Référendum 14 : L’économie sociale de marché

par Pierre Bilger
mercredi 27 avril 2005

C’est un curieux retour des choses que celui par lequel plus de cinquante ans après son émergence, l’économie sociale de marché, inventée par les ordo-libéraux allemands et popularisé par Ludwig Erhard, revient à l’honneur pour tenter d’apaiser les préoccupations de ceux auxquels on fait croire de manière abusive que le traité constitutionnel impose de manière irréversible le libéralisme économique à la société européenne.
Dans une note publiée sur ce blog, François Bilger a expliqué la genèse intellectuelle de ce concept et la manière dont, au fil des années, il a été mis en œuvre en Allemagne avec des fortunes diverses.
Cette histoire explique que ce soient les socialistes européens qui aient recherché et obtenu au cours des débats de la Convention que l’adjectif sociale soit ajouté à économie de marché dans l’article I-3 qui définit de la manière la plus globale l’objectif que le traité constitutionnel assigne à l’Union européenne dans le domaine économique et social :

L’Union oeuvre pour le développement durable de l’Europe fondé sur une croissance économique équilibrée et sur la stabilité des prix, une économie sociale de marché hautement compétitive, qui tend au plein emploi et au progrès social, et un niveau élevé de protection et d’amélioration de la qualité de l’environnement. Elle promeut le progrès scientifique et technique.
Elle combat l’exclusion sociale et les discriminations, et promeut la justice et la protection sociales, l’égalité entre les femmes et les hommes, la solidarité entre les générations et la protection des droits de l’enfant.
Elle promeut la cohésion économique, sociale et territoriale, et la solidarité entre les États membres.

Certains diront qu’il ne s’agit que de mots. En fait il s’agit d’idées qui définissent, si on les analyse attentivement, un modèle économique européen, différent du modèle anglo-saxon ou plutôt de la caricature qui en est souvent faite.
Et aux sceptiques qui ne croient pas à la puissance des idées, j’opposerai le propos célèbre de Keynes dont ses ouvrages ont été une parfaite illustration : Nous sommes convaincus qu’on exagère grandement la force des intérêts constitués par rapport à l’empire qu’acquièrent progressivement les idées. A la vérité, elles n’agissent pas d’une façon immédiate, mais seulement après un laps de temps.

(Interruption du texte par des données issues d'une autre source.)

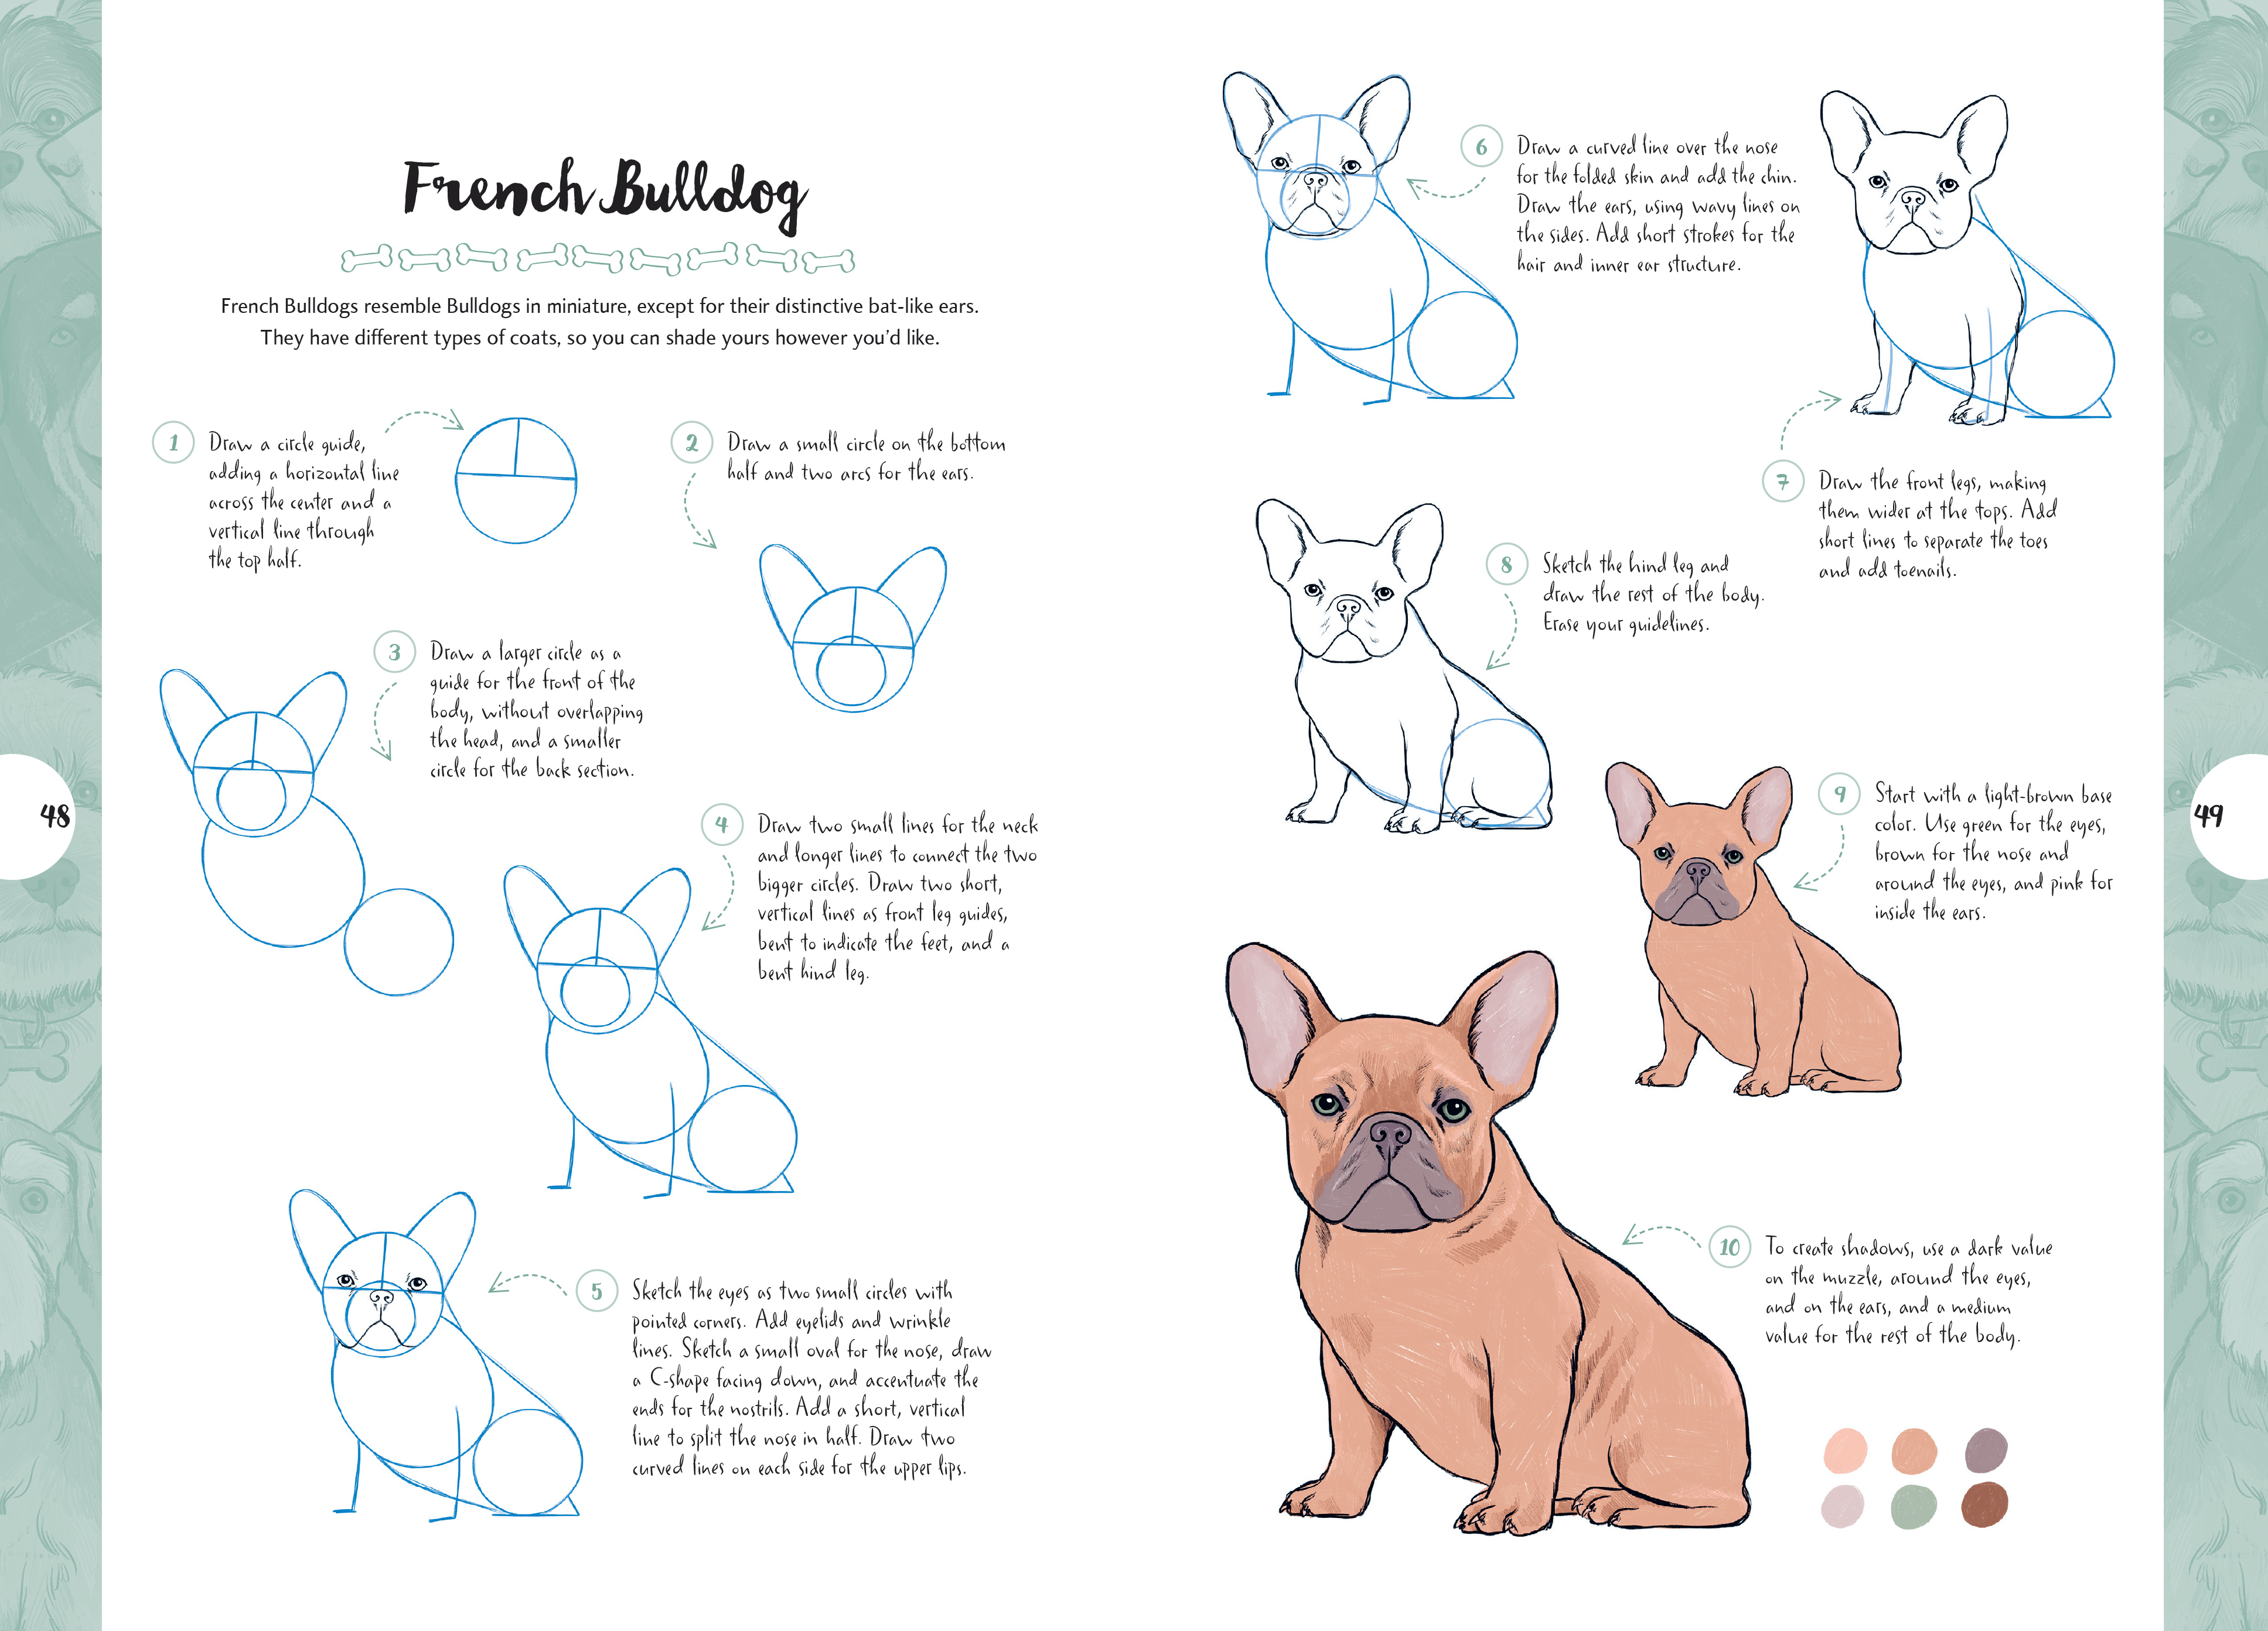 Ten-Step Drawing: Dogs

Tel sera le sort des objectifs inclus dans le traité constitutionnel. Ils irrigueront progressivement la pratique des institutions européennes à travers l’analyse qu’en fera l’exécutif, le retentissement que leur donnera le Parlement et la lecture qu’en imposera la Cour de Justice.
De surcroît, au-delà de la force des idées, l’article I-15 du traité fournira le support juridique nécessaire, permettant aux forces politiques soucieuses prioritairement de justice sociale ou souhaitant corriger les effets qu’elles jugeraient pervers de l’économie de marché, de mettre en œuvre leur politique, à condition toutefois qu’ils en aient convaincu un nombre suffisant d’électeurs européens dans une majorité d’Etats membres :

La coordination des politiques économiques et de l’emploi
1. Les États membres coordonnent leurs politiques économiques au sein de l’Union. À cette fin, le Conseil des ministres adopte des mesures, notamment les grandes orientations de ces politiques. Des dispositions particulières s’appliquent aux États membres dont la monnaie est l’euro.
2. L’Union prend des mesures pour assurer la coordination des politiques de l’emploi des États membres, notamment en définissant les lignes directrices de ces politiques.
3. L’Union peut prendre des initiatives pour assurer la coordination des politiques sociales des États membres.

Continuer à prétendre que le traité constitutionnel n’autorise qu’une politique économique et sociale, inspirée de ce que j’ai appelé l’archéo-libéralisme, ne correspond donc pas à la vérité de ce texte.